This guide covers everything you need to know about the TIFF to DWG conversion process. Plus, we’ll show you how you can get the Scan2CAD software to convert your files completely free for 14 days!

Table of Contents

• What is a TIFF file?
• What is a DWG file?
• Why convert TIFF to DWG?
• How does the conversion process work?
• How to convert TIFF to DWG with Scan2CAD
• Why choose Scan2CAD over an online converter?
• Free Download

What is a TIFF file? 

TIFF (or TIF) was originally created in 1986 as an attempt to create a universal image file format for use with desktop scanners. It was a binary format, so images were only available in black and white. Once computer disk space increased, the TIFF format was expanded to accommodate color images. The format now has a 32-bit color depth, which means that it supports over 16 million colors!

TIFF is a raster graphics format, made up of individual pixels. The format makes use of lossless compression, so it can be edited or compressed without any loss in quality. This stands in stark contrast to the JPEG format, which is also popular for use in photography, but which suffers from low quality images.

These benefits of the TIFF format make it the perfect choice for high-quality graphics. In fact, it’s also Scan2CAD’s recommended file format for saving your raster images in order to get the best possible vectorization results.
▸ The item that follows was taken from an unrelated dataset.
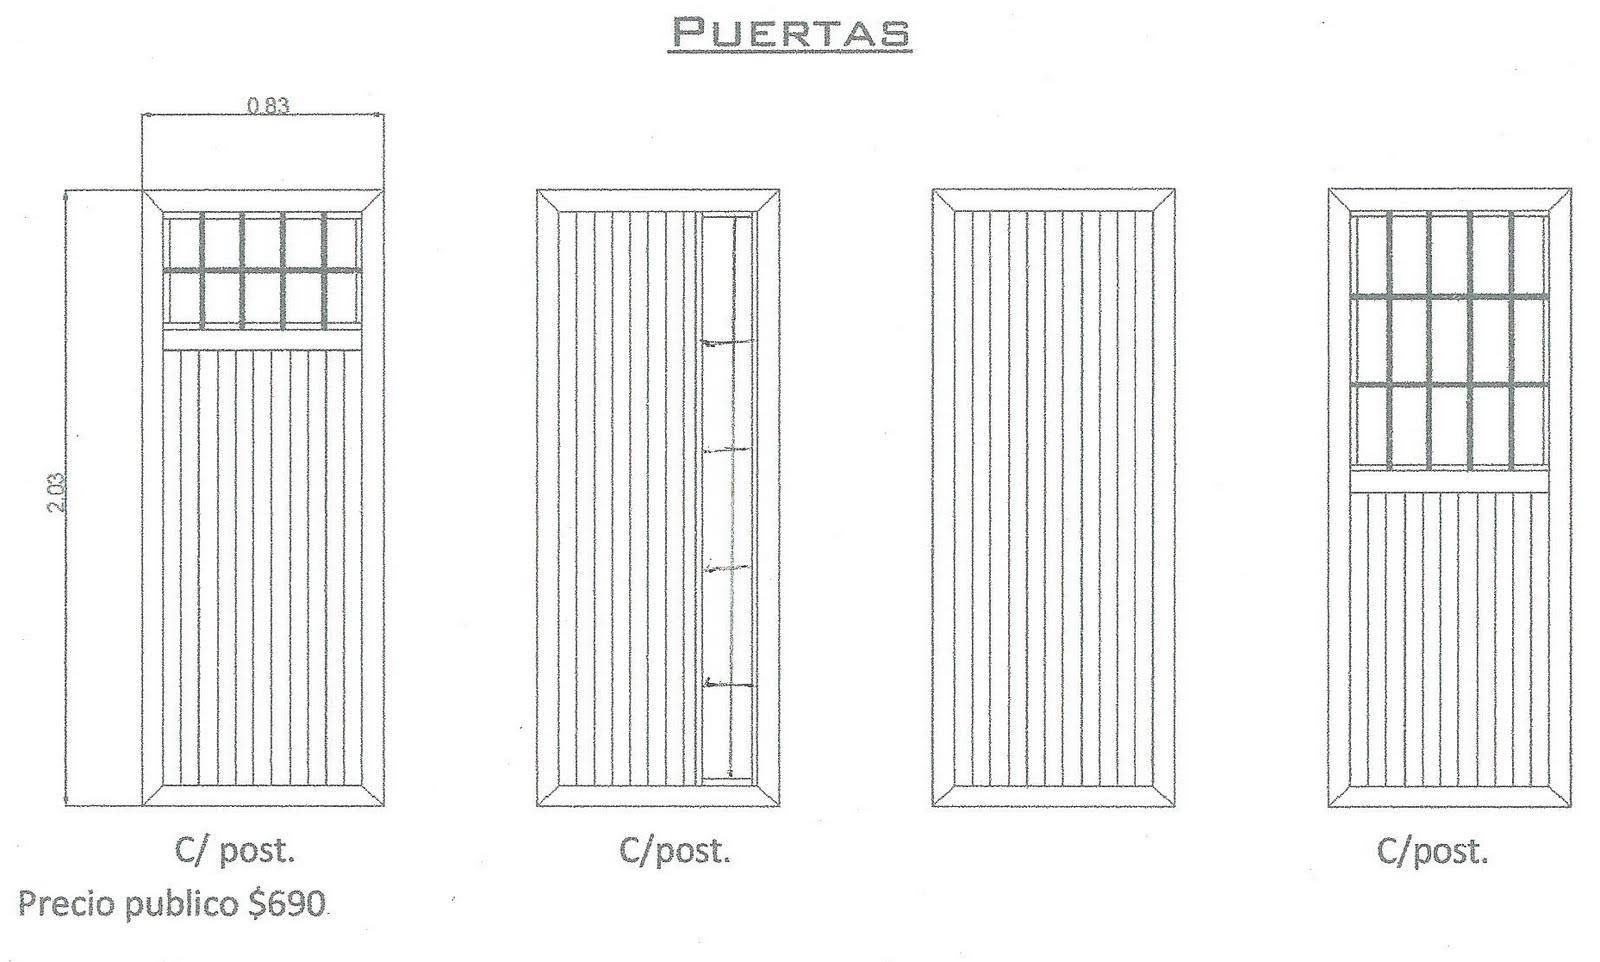 Puertas de entrada car interior design - Tipos de puertas de interior ...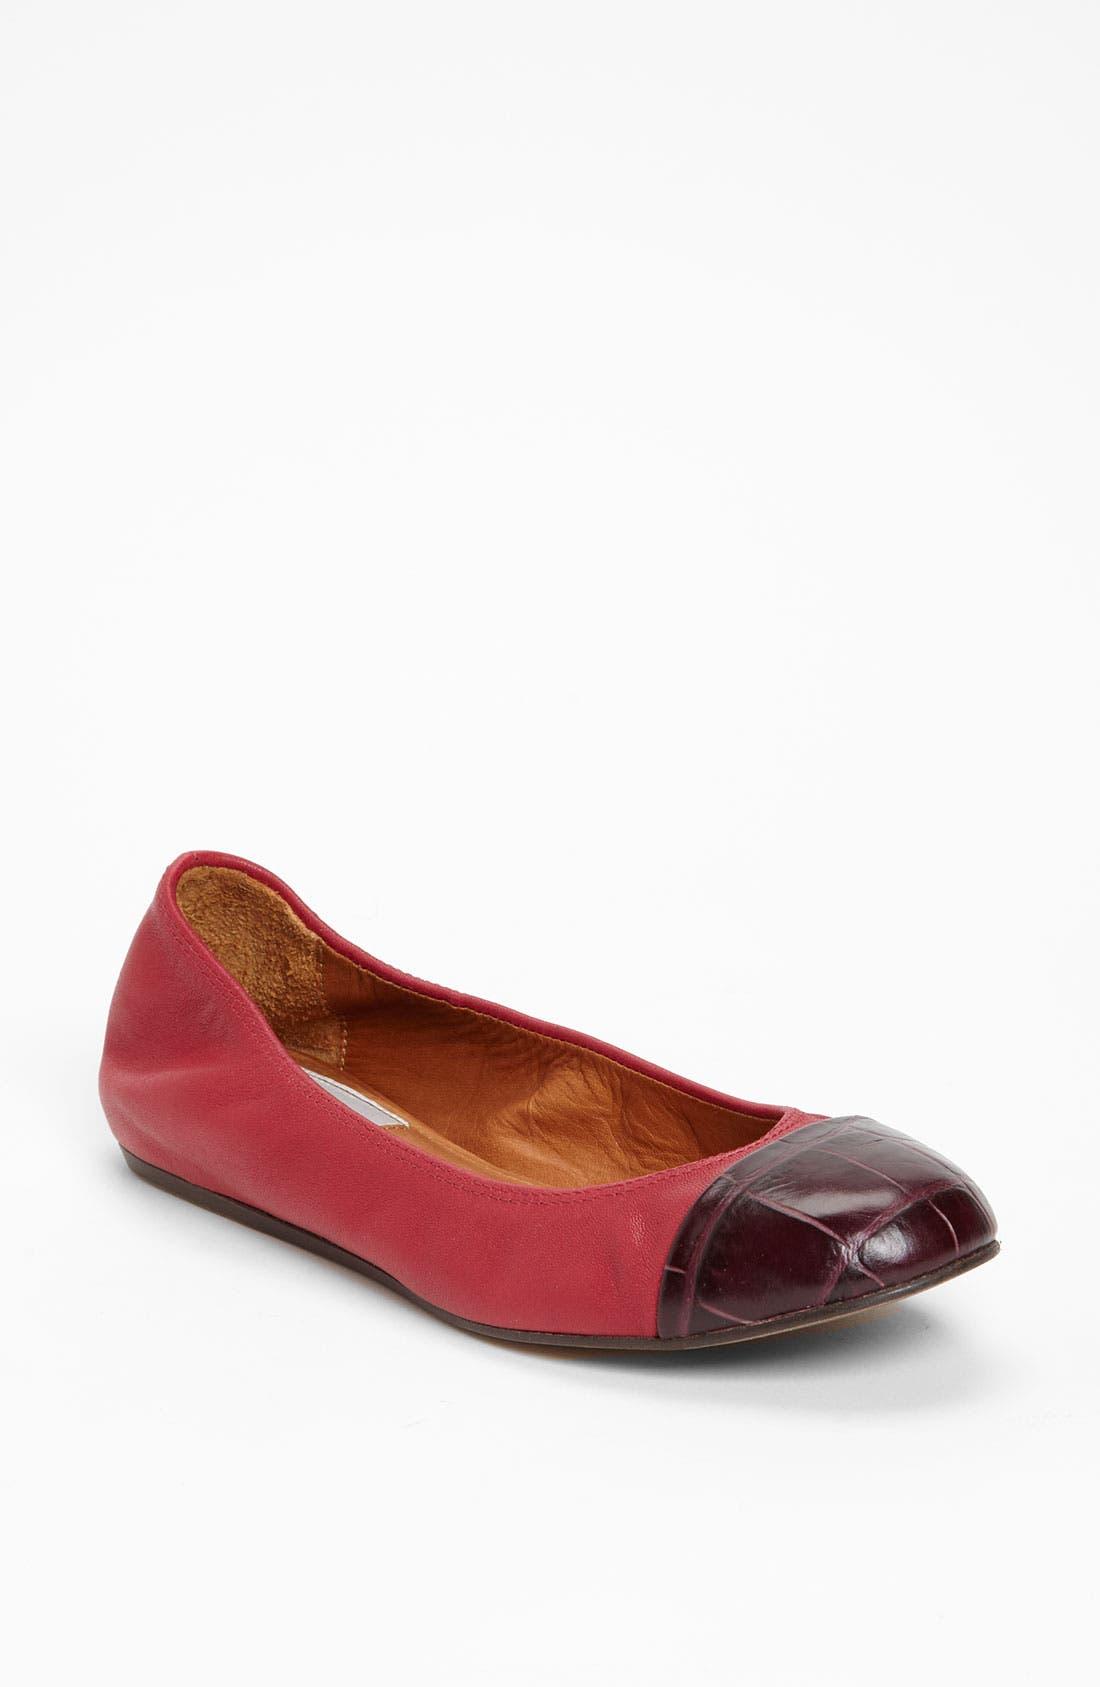 Main Image - Lanvin Cap Toe Ballerina Flat

TIFF’s lossless compression ensures that the detail of an image is maintained, making it a good candidate for vectorization. Meanwhile, you’re likely to run into difficulties when converting from JPEG to DWG due to that format’s lossy compression.

That’s not to say it doesn’t have any disadvantages. The high quality of TIFF images comes at the heavy price of a large file size, which can mean that some web browsers don’t support them. 

What is a DWG file?

DWG stands for DraWinG, and is the native file format for AutoCAD, which is the most popular CAD software on the market. Practically everyone who works with CAD will know the format well, and here on the Scan2CAD blog, we’ve already written extensively about the format. First created in 1982, DWG is a proprietary file format from the Autodesk stable of products, which means that developers must have a license to use the format in their software. 

This format stores 2D and 3D data, and supports all standard vector entities including AutoCAD’s more ‘specialist’ entities like dynamic blocks. It’s also a binary file format, so a DWG file will typically be smaller in file size than a comparable DXF file, which is made up of ASCII text.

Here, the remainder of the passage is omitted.